Prompt: In the entries below, which lines run from the one with "霊感ママシリーズ 第3話「英" through the one with "Tea Salo hengityskoneessa sairaalassa."? Repeat exactly those, both included, and no pictures.

[[ Supplied records, beginning ]]

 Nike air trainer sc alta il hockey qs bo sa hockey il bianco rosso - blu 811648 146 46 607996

[[ Supplied records, end ]]
[[ Supplied records, beginning ]]

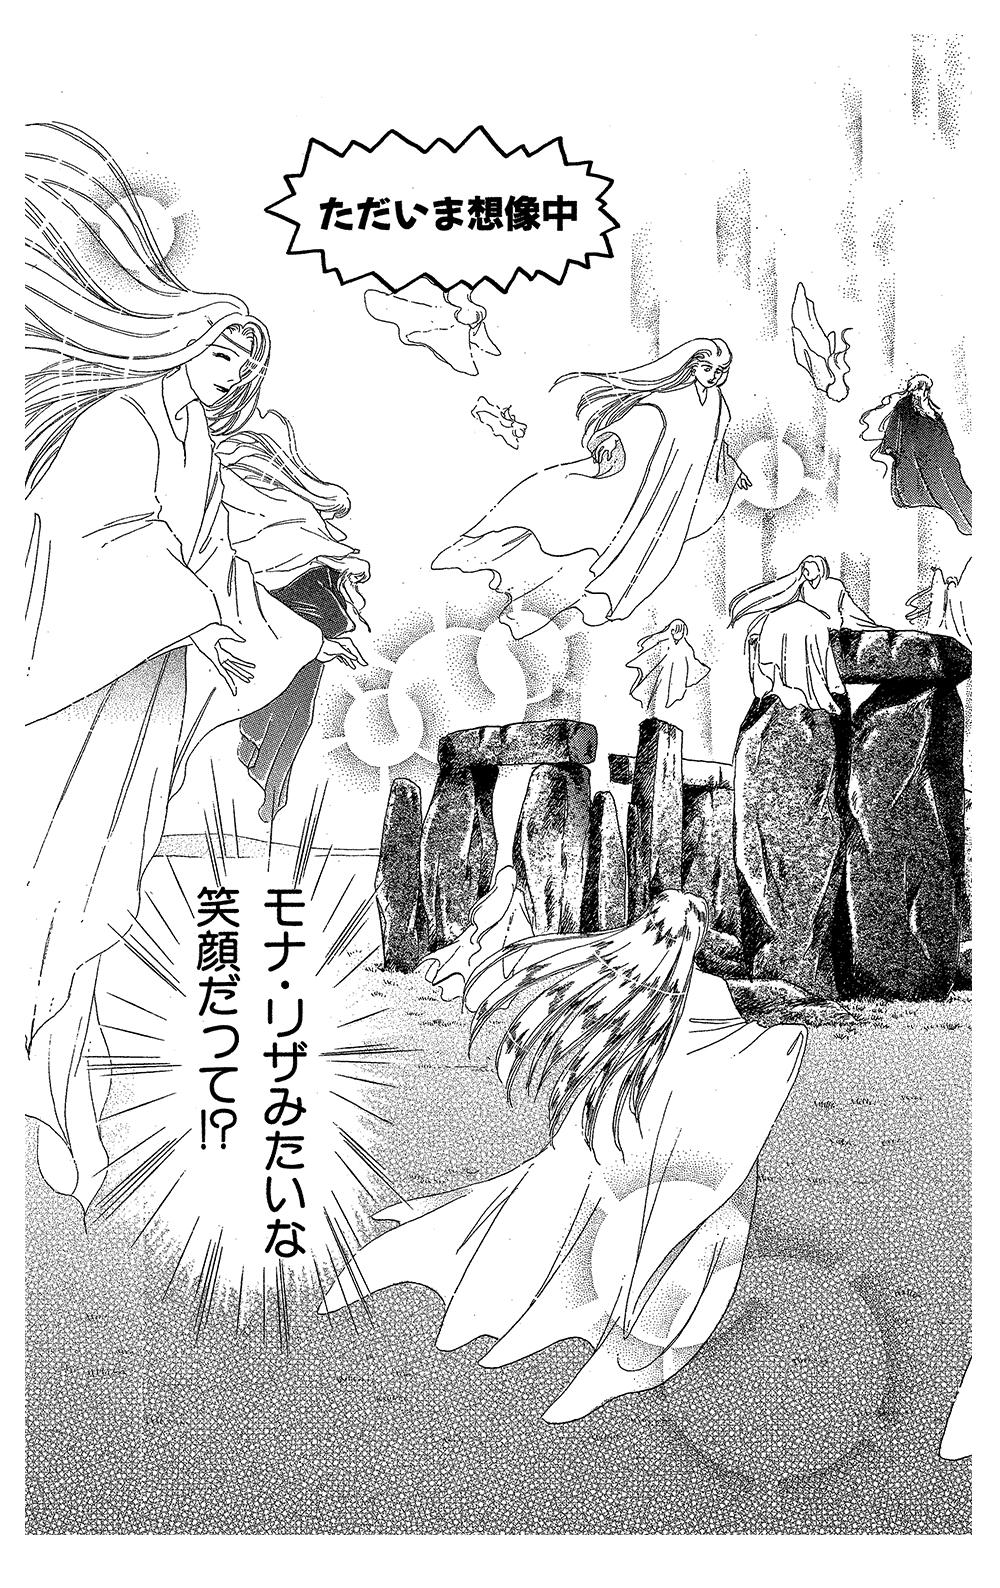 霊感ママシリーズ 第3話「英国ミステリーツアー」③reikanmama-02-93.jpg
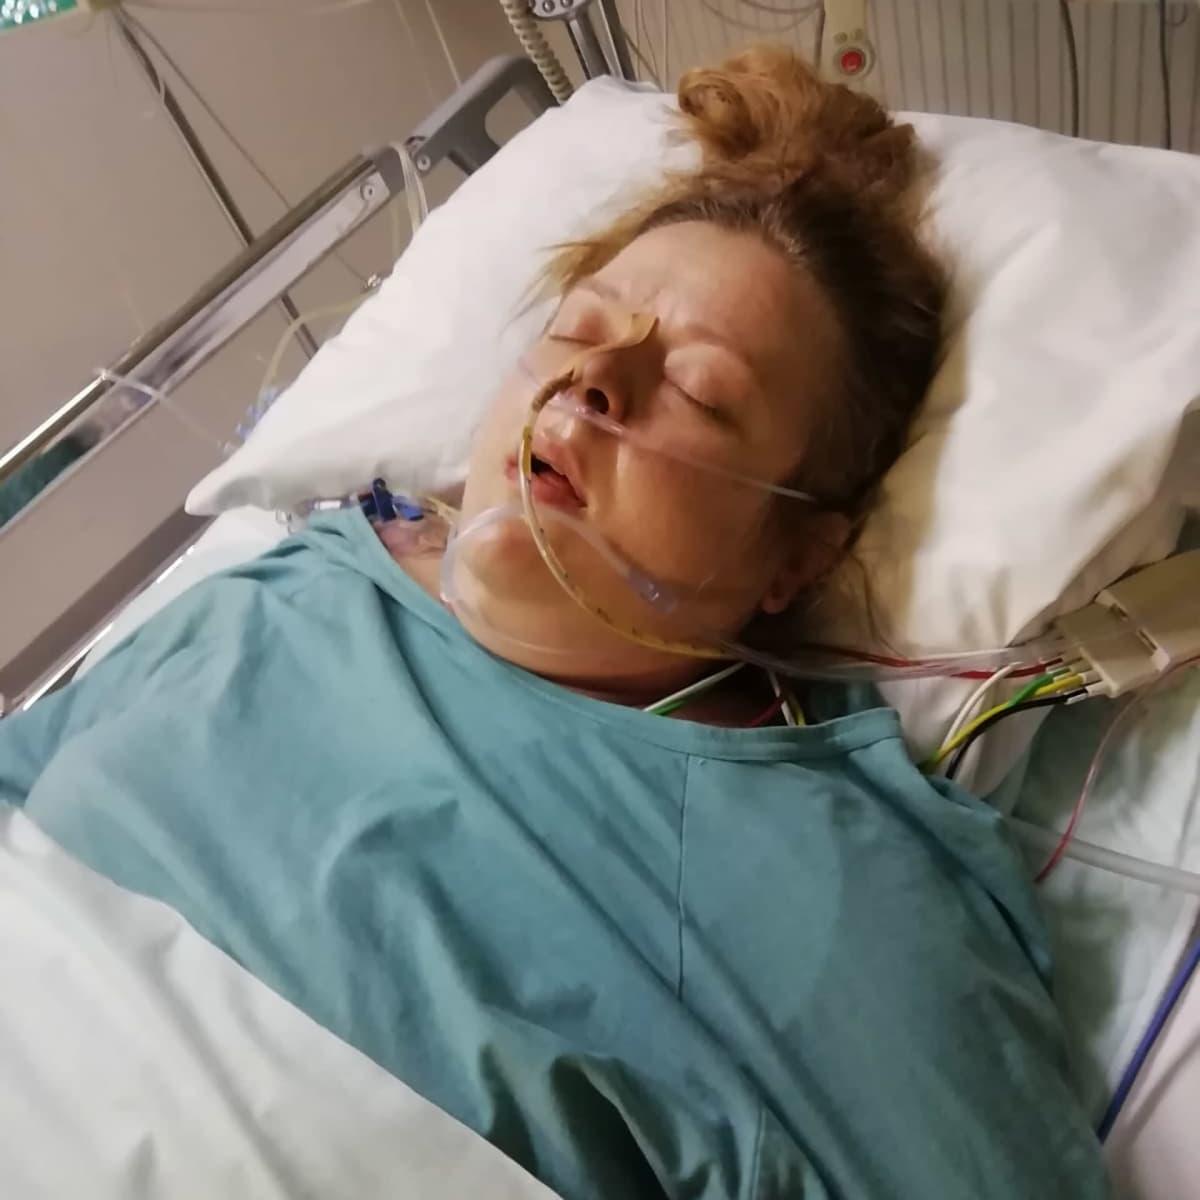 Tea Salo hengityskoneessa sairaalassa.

[[ Supplied records, end ]]

Solved problem:
 霊感ママシリーズ 第3話「英国ミステリーツアー」③reikanmama-02-93.jpg
 Tea Salo hengityskoneessa sairaalassa.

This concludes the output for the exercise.